Release Date: September 27th, 2013 (UK); October 4th, 2013 (US)
Genre: Crime; Drama; Thriller
Starring: Justin Timberlake, Ben Affleck, Gemma Arterton
At some point near the beginning of Runner Runner, Justin Timberlake’s snappy student Richie Furst says, “Make no mistake, if you’re betting something, you’re gambling”. In this solitary sentence the character sums up the film within which he aimlessly meanders. It’s such a throwaway line, one that is so obvious it becomes irrelevant. Much like the whole of Brad Furman’s utterly conventional outing. But more than that, the words resonate with truth. Runner Runner isn’t betting on anything other than the knowledge that its audience is well-versed in poker lingo. There is no gambling going on here, only playing it safe. And safety is really boring.
Having blown his big break in Wall Street, Richie Furst (Justin Timberlake) is now ploughing his way through college. Unable to afford the master’s jump, Richie gambles all of his savings in a game of online poker and comes up short. Though, it turns out he’s been conned by Ivan Block (Ben Affleck), a rich business tycoon whom Richie endeavours to tell off in Costa Rica.
For a film centred on gambling — a concept pillared by unpredictability — Runner Runner is endlessly predictable. It relies on cheap normalities more often than not, and subsequently fails to sizzle in any way. Proceedings kick-off with yet another montage comprised of news reports, an introductory method that is becoming increasingly common in contemporary cinema. It’s too easy. Writing partners Brian Koppelman and David Levien contribute a screenplay bereft of originality and stained by familiarity; we watch the typical story of a guy with a gift (this time it’s intellect) who decides to throw everything away by dabbling in unethical stuff. Where does this bustling need to be edgy come from? A troubled parent of course (this time it’s the father), a dad who lived beyond his means and not with his son’s best interests at heart.
We struggle to engage with the film then, primarily due to the trampled road down which it blindly ventures, and behind many better pieces that have gone before. Timberlake himself has starred in a more focused slick-fest, The Social Network, a flick that Runner Runner seemingly aspires to be. That film had Aaron Sorkin’s witty script and David Fincher’s scintillating direction, whereas this would claw at the chance to boast half of the aforementioned duo’s inventiveness. Unless we’re quoting lines to demonstrate an incessantly plodding nature, the dialogue is severely unmemorable. It is a shame too, for a more enterprising approach might have made this a sleek addition to The Social Network or even Ocean’s Eleven brand. Yet, it’s not even on 21’s table.

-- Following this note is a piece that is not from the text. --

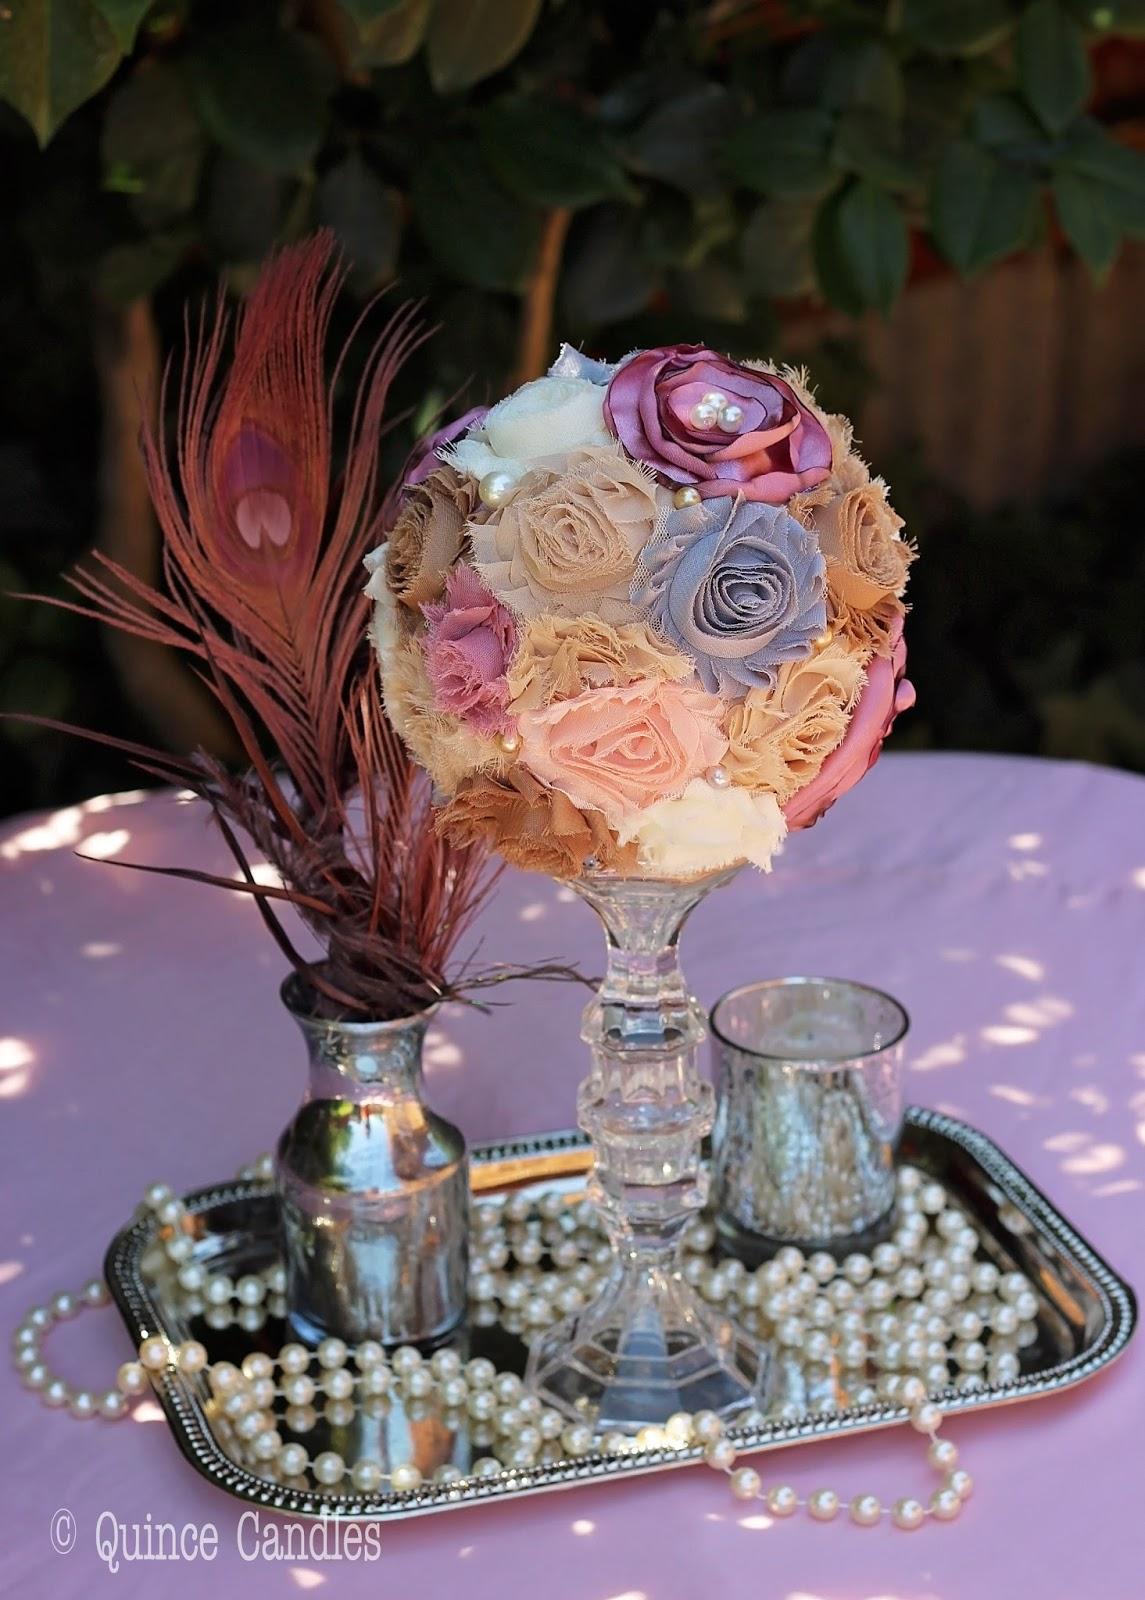 Diy fabric flower topiary centerpiece idea inspiration

And it is not as if the filmmakers aren’t trying to add a stand-out quality, they just frequently miss the mark. Richie wanders into a nightclub fairly early on where there is an obvious attempt to infuse events with style. Camera glued to the travelling student, an array of luminous colours give way to a myriad of energetic tunes. What should be glossy instead feels forced and unnatural. The moment is too music video-esque. In fact the whole presentation is laced with this sense of unimportance — chopping a few scenes wouldn’t make any difference. Nor would the addition of Kanye West miming lyrics to his new song.
When we’re not being bogged down by uneventful narrative, we’re still challenged to fend off relentless onslaughts of casino lingo. The entire opening poker scene is a verbal tennis match, Timberlake constantly serving to our body with language that is either too difficult to grasp or too boring to care about. Furman and company revel in the speech. As do their characters, who collectively spend large periods of time explaining the plot and, in doing so, don’t really condone gambling. Just the illegal side of it. Betting is an inherently negatively regarded activity, which presents a problem in so much as there is a resultant air of deceit that surrounds all of the characters from the start.
Ben Affleck is the one who phones it in most often. And who can blame him? Post-Argo, and probably still basking in that rich, dense frame of mind during filming, it is no wonder that he gives off the impression of someone memorising and then robotically regurgitating lines. He plays Ivan Block. Block calls his boat ‘The House’ because “the house always wins”. He’s a millionaire. Even the imperiously charismatic Justin Timberlake’s attempts to overcome the dreary script are unfounded. His character is a bit rubbish too — Richie is so desperate to gain a master’s degree that he gambles away all of his tuition money and then leaves college forever. When the filmmakers remember she is on the payroll, Gemma Arterton appears. Like the others she’s much better than the stinker of a role afforded to her, but Arterton does make an effort and is quite amiable.
Runner Runner is an intuition vacuum. By the time any shallow complexities begin we’ve been too dazed by convention and a superfluous insistence on casino-tongue to figure anything out. It’s not necessarily a badly made film, or even a bad film at all. It’s just really dull.